Thank you for sharing. This is a great achievement not only in the ability to invent a novel algorithm with significant performance gains but also the presentation of the work. It's very thorough and detailed, and I appreciated reading it.
[flagged]
> The algorithm provides accurate results over a period of ±1.89 Trillion years
i'm placing my bets that in a few thousand years we'll have changed calendar system entirely haha
but, really interesting to see the insane methods used to achieve this
Maybe not in a few thousand years, but given the deceleration of the Earth’s rotation around its axis, mostly due to tidal friction with the moon, in a couple hundred thousand years our leap-day count will stop making sense. In roughly a million years, day length will have increased such that the year length will be close to 365.0 days.

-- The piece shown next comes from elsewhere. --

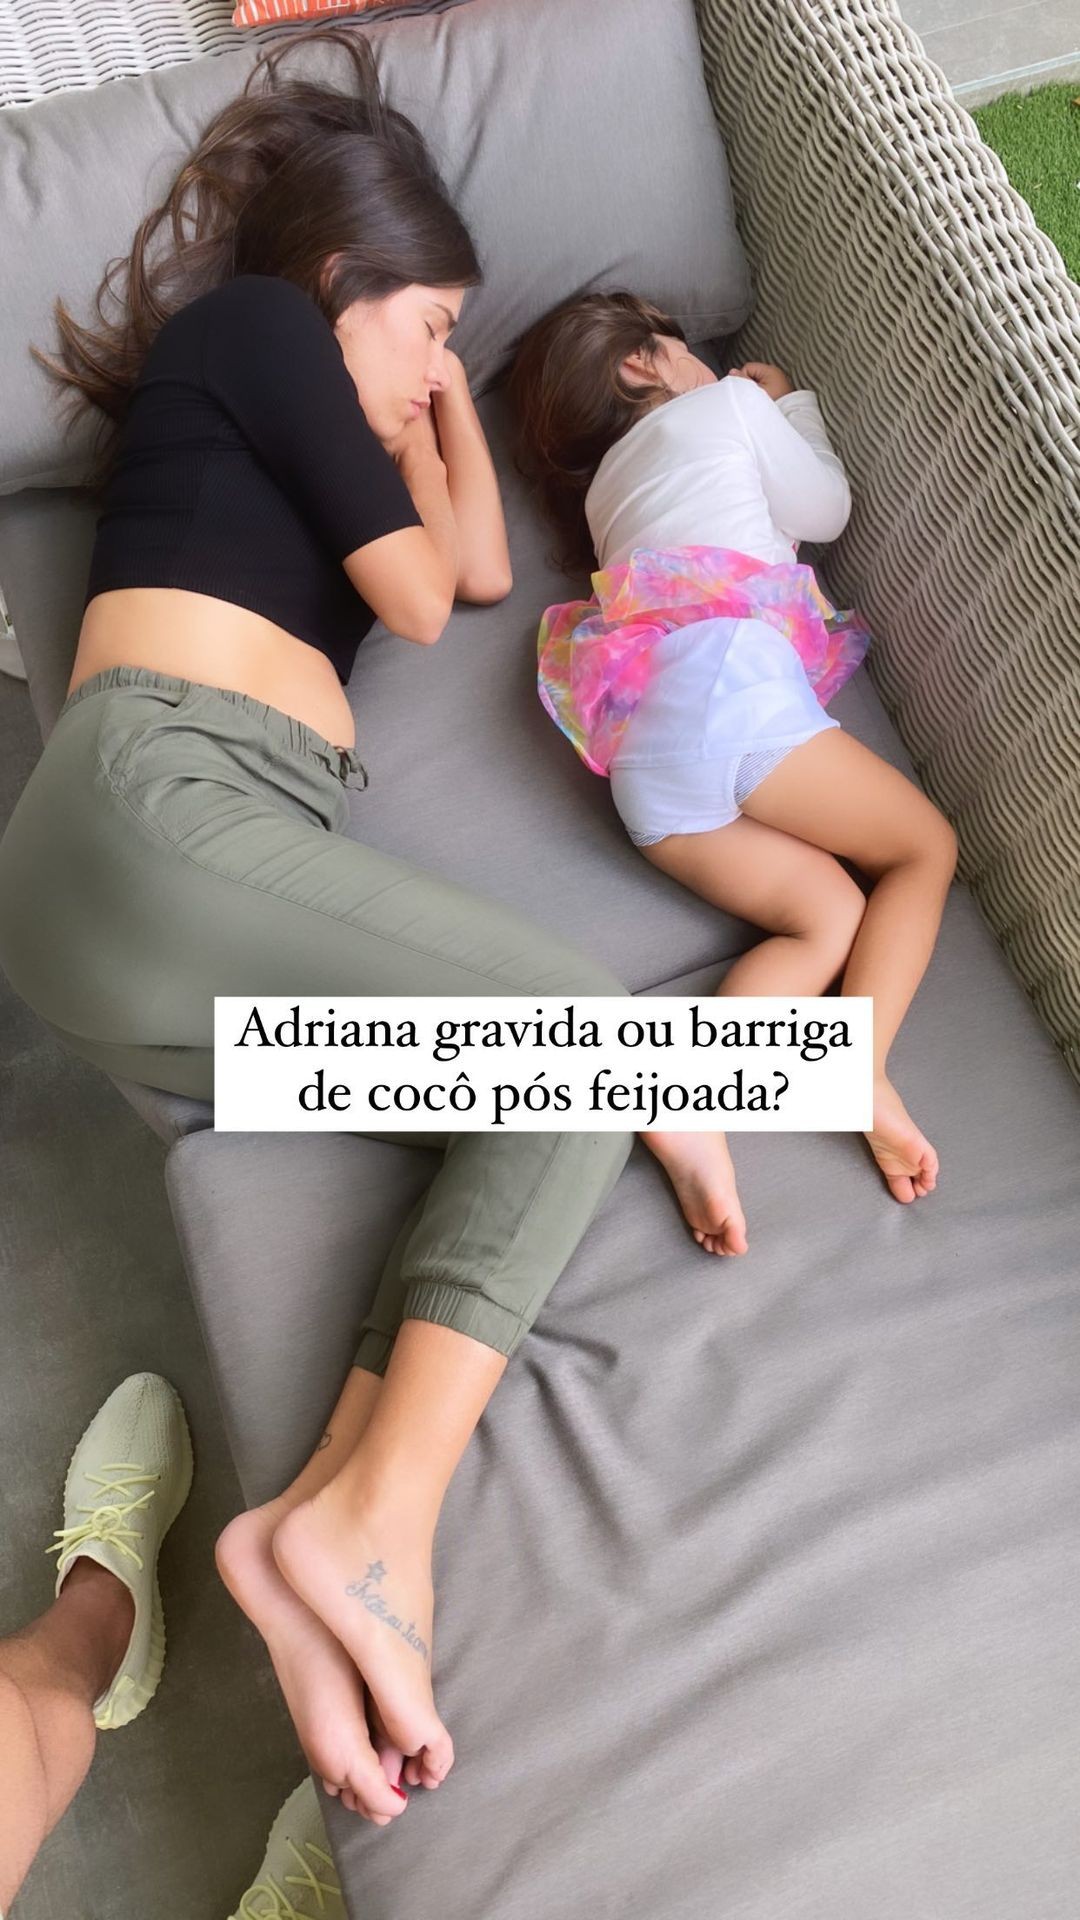 Adriana Sant'Anna aparece com barriguinha saliente em foto e brinca: "grávida ou cocô?" (Foto: Reprodução/Instagram)

I therefore agree that a trillion years of accuracy for broken-down date calculation has little practical relevance. The question is if the calculation could be made even more efficient by reducing to 32 bits, or maybe even just 16 bits.
> i'm placing my bets that in a few thousand years we'll have changed calendar system entirely haha
Given the chronostrife will occur in around 40_000 years (give or take 2_000) I somewhat doubt that </humor>
The calendar system already changed. So this won't get correct dates, meaning the dates actually used, past that date. Well, those dates, as different countries changed at different times.
Wouldn’t it be accurate for that as well? Unless we change to base 10 time units or something. Then we all have a lot of work to do.
But if it’s just about starting over from 0 being the AI apocalypse or something, I’m sure it’ll be more manageable, and the fix could hopefully be done on a cave wall using a flint spear tip.
Or set 0 to be the Big Bang and make the type unsigned. Do it the same time we convert all temperature readings to Kelvin.
Admittedly in a different league speed wise but also scope wise is my very fast timestamp library for Java https://github.com/williame/TimeMillis
This focuses on string <-> timestamp and a few other utilities that are super common in data processing and where the native Java date functions are infamously slow.
I wrote it for some hot paths in some pipelines but was super pleased my employer let me share it. Hope it helps others.